The Nassau Guardian is a newspaper in The Bahamas, based in Nassau. Its first issue was published November 23, 1844. It is the largest newspaper in the Bahamas.  The paper is one of the oldest continually published newspapers in the world and is considered a newspaper of record for The Bahamas.

History
After the liberal Sir James Carmichael-Smyth became governor in 1829, dissent rose in Nassau over the question of emancipation and in 1831 a pro-slavery section of the community supported George Biggs in the establishment of The Argus in order to promote their anti-emancipation views.  

In 1837, Edwin Charles Moseley, a journalist who had worked at The Times in London, arrived in Nassau to take up his appointment as editor of The Argus. Moseley found the semi-weekly's policies so objectionable that he refused to become its editor. On 23 November 1844, Moseley  founded the Nassau Guardian. Recognizing that the newspaper industry in the Bahamas could not withstand three newspapers, Moseley acquired the Bahama Herald in 1877. 

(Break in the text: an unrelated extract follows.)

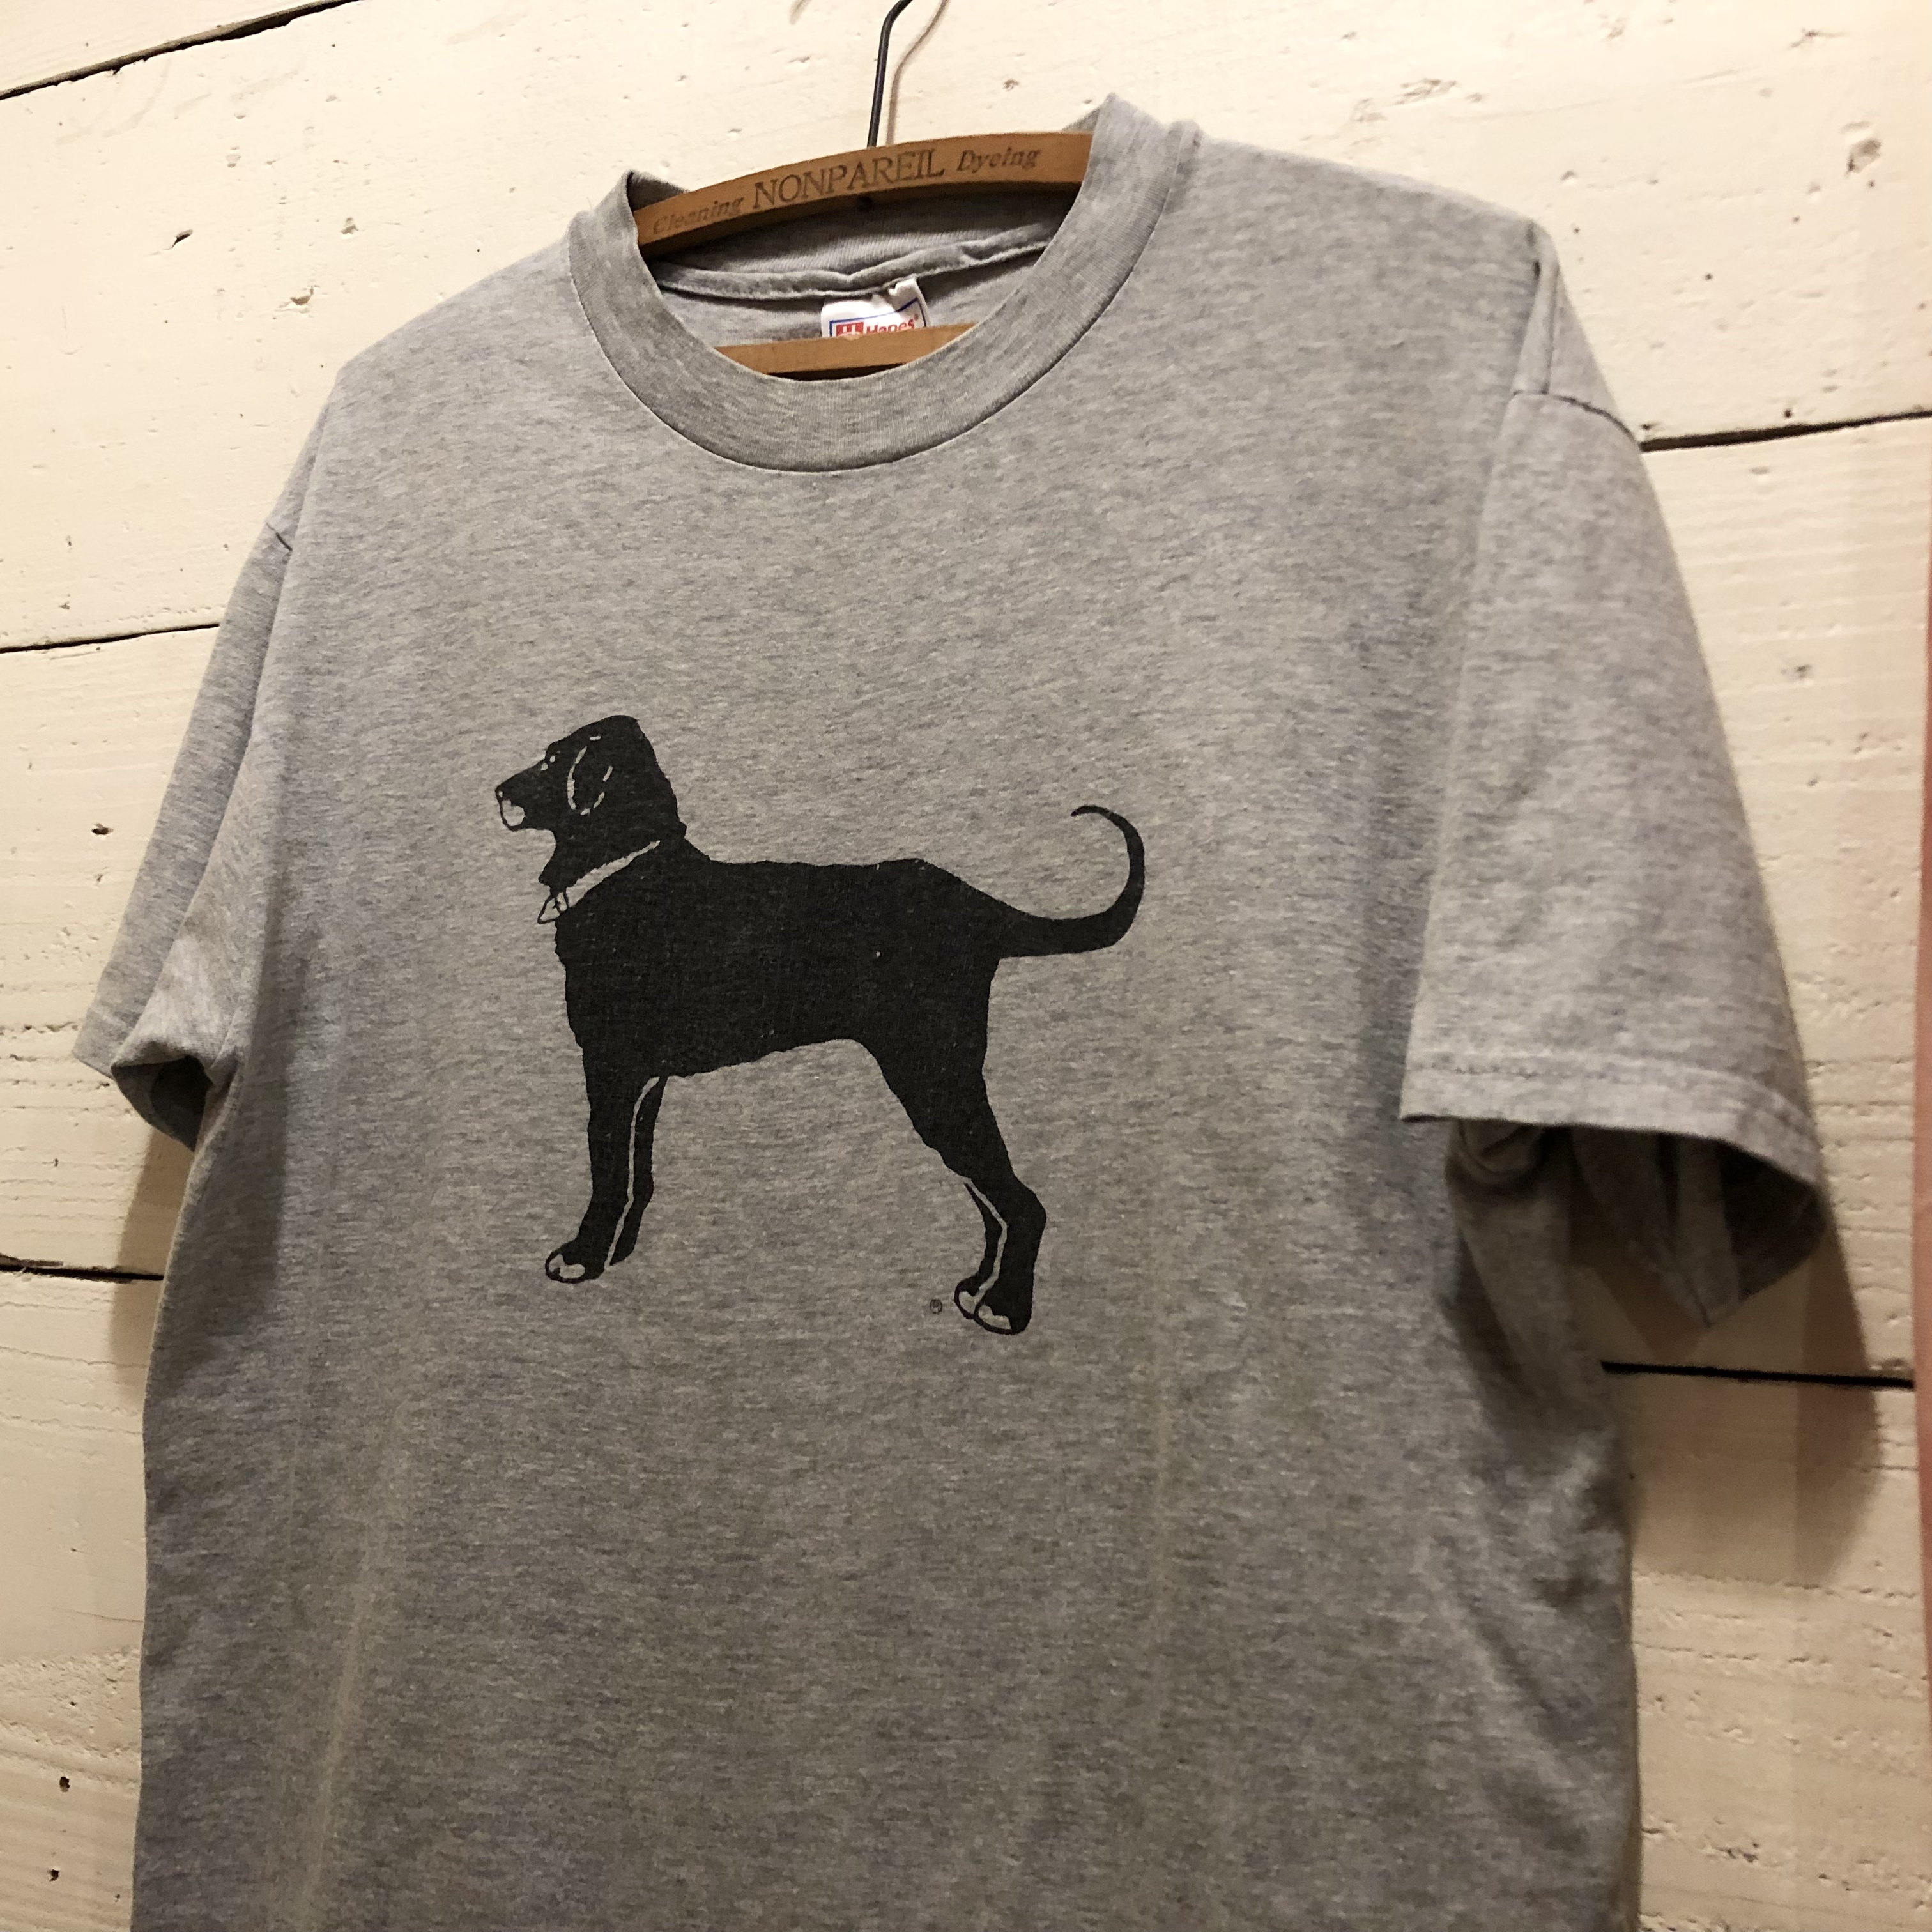 THE BLACK DOG Tシャツ　90's オールド

Alfred Edwin Moseley acquired the Nassau Guardian from his father, Edwin. In 1904, Alfred died and Mary Moseley became the editor and manager of the newspaper. In 1907, Mary acquired the newspaper from the Estate of the late Percival James Moseley. 

Mary would own and run the newspaper for 48 more years to a restricted audience with circulation seldom exceeding 300 daily.  Before WWII, she had hoped to give the newspaper to her nephew, Doyle Moseley who lived in Australia at that time. Doyle would enlist in The Royal Air Force during the war and while in a raid over France in the early 1940s had been killed. 

Since no one in the family was interested in the family business, she turned control and the newspaper to a group of Nassau business and professional men who offered to buy The Nassau Guardian from her. Mary worked in an advisory capacity from 1952–55. Mary died on January 19, 1961, at the age of 81. 

The new owners tried to turn it into a propaganda medium to promote their political philosophies, however, that was not successful. In 1967, John S. Perry Jr., acquired the newspaper. 
On January 20, 2002, The Nassau Guardian became a fully Bahamian–owned newspaper when John H. Perry, son of John Jr., sold his 60 percent stake in the company. 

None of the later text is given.